Luce Irigaray, “This Sex Which Is Not One”

1981

“Female sexuality has always been conceptualized on the basis of masculine parameters. Thus the option between ‘masculine’ clitoral activity and ‘feminine’ vaginal passivity, an opposition which Freud – and many others – saw as stages, or alternatives, in the development of a sexually ‘normal’ woman, seems rather too clearly required by the practice of male sexuality. For the clitoris is conceived as a little penis pleasant to masturbate so long as castration anxiety does not exist (for the boy child), and the vagina is valued for the ‘lodging’ it offers the male organ when the forbidden hadn has to gind a replacement for pleasure-giving” 23.

“In these terms, woman’s erogenous zones never amount to anything but a clitoris-sex that is not comparable to the noble phallic organ, or a hole-envelope that serves to sheathe and massage the penis in intercourse: a non-sex, or a masculine organ turned back upon itself, self-embracing” 23.

Irigaray points out that the supposed female penis-envy has nothing to do with her pleasures. Whereas man requires an instrument (hand) to touch himself, “Woman ‘touches herself’ all the time, and moreover no one can forbid her to do so, for her genitals are formed of two lips in continuous contact. Thus, within herself, she is already two – but not divisible into one(s) that caress each other” 24. The anxiety of “interruption” by the penis causes Irigiray to ask, “Will woman not be left with the impossible alternative between a defensive virginity, fiercely turned in upon itself, and a body open to penetration that no longer knows, in its ‘hole’ that constitutes its sex, the pleasure of its own touch?” 24.

“Woman in this sexual imaginary [of the conquesting erection] is only a more or less obliging prop for the enactment of man’s fantasies… [her] pleasure is above all a masochistic prostitution of her body to a desire that is not her own, and it leaves her in a familiar dependency upon man” 25.

Woman does not even know what she wants, so sublimated is her desire in discourse – Freud calls it “obscure… faded with time” 25.

“Within this logic, the predominance of the visual, and of the discrimination and individualization of form, is particularly foreign to female eroticism. Woman takes pleasure more from touching than from looking, and her entry into a dominant scopic economy signifies, again, her consignment to passivity: she is to be the beautiful object of contemplation” 25-6.

This places the body in “a double movement of exhibition and of chaste retreat in order to stimulate the drives of the ‘subject,'” while “her sexual organ represents the horror of nothing to see” 26. Thus in art, it is rejected as opening: “sewn back up inside” its ‘crack’ 26. This is opposed to “that contact of at least two (lips) which keeps woman in touch with herself, but without any possibility of distinguishing what is touching from what is touched” 26. She is not one or two, and her sexual organ is none – she cannot be numbered. “Maternity [touch] fills the gaps in a repressed female sexuality” 27.
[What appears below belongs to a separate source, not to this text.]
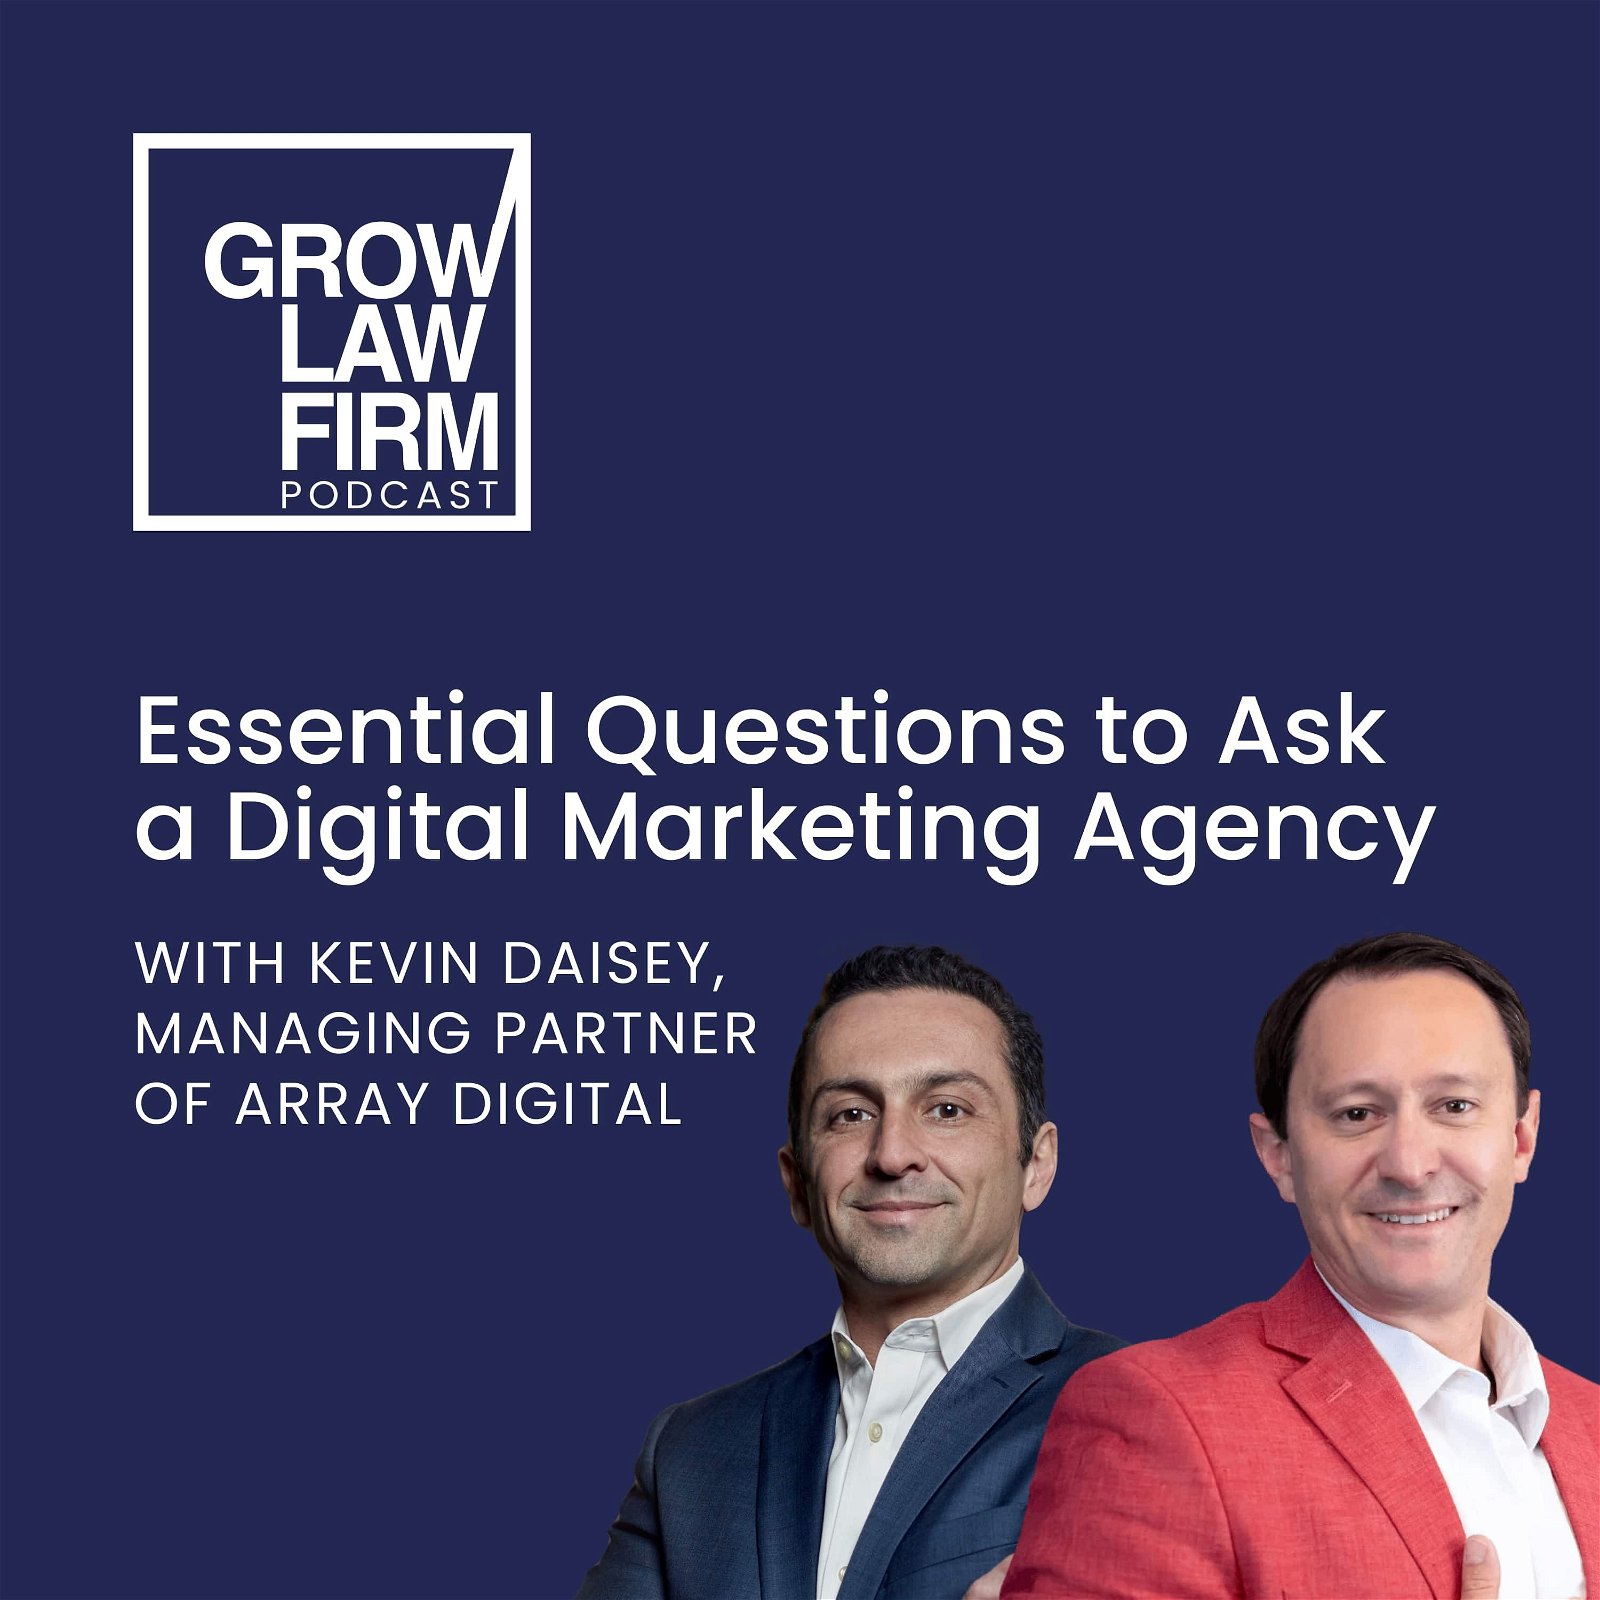 Key Questions to Ask a Digital Marketing Agency with Kevin Daisey, Managing Partner of Array Digital

Like Cixous, Irigaray emphasizes a diffuse sensuality: “her sexuality… is plural… woman has sex organs more or less everywhere… the geography of her pleasure is far more diversified… in an imaginary rather too narrowly focused on sameness” 28. “Ready-made grids” cannot account for her: “she steps ever so slightly aside from herself with a murmur… [women] do not have the interiority that you have… within themselves means within the intimacy of that silent, multiple, diffuse touch” 29. Their desire is a paradox: nothing and everything.

“Must this multiplicity of female desire and female language be understood as shards, scattered remnants of a violated sexuality? …experiencing herself only fragmentarily… what is left of a mirror invested by the (masculine) ‘subject’ to reflect himself… [her] desire… may be recovered only in secret, in hiding, with anxiety and guilt” 30.

“If the female imaginary were to deploy itself… otherwise than as scraps, uncollected debris, would it represent itself, even so, in the form of one universe? Would it even be volume instead of surface? No. Not unless it were understood, yet again, as a privileging of the maternal over the feminine. Of a phallic material, at that. Closed in upon the jealous possession of its valued product. Rivalling man in his esteem for productive excess… By closing herself off as volume, she renounces the pleasure that she gets from the nonsuture of her lips” 30.

Thus self-rediscovery for woman is “never simply being one” 31. Pleasure is not in itself a solution because it serves male enjoyment:

“Woman is traditionally a use-value for man, an exchange value among men; in other words, a commodity. As such, she remains the guardian of material substance… Woman is never anything but the locus of a more or less competitive exchange between two men, including the competition for the possession of mother earth” 32.

“How can this object of transaction claim a right to pleasure without removing her/itself from established commerce?” 31. Women do not constitute a class, but are dispersed across classes. Like Cixous, Irigaray does not advocate a reversal of the order, since it would simply reverse again, but a proliferation of language available for women and their sexuality.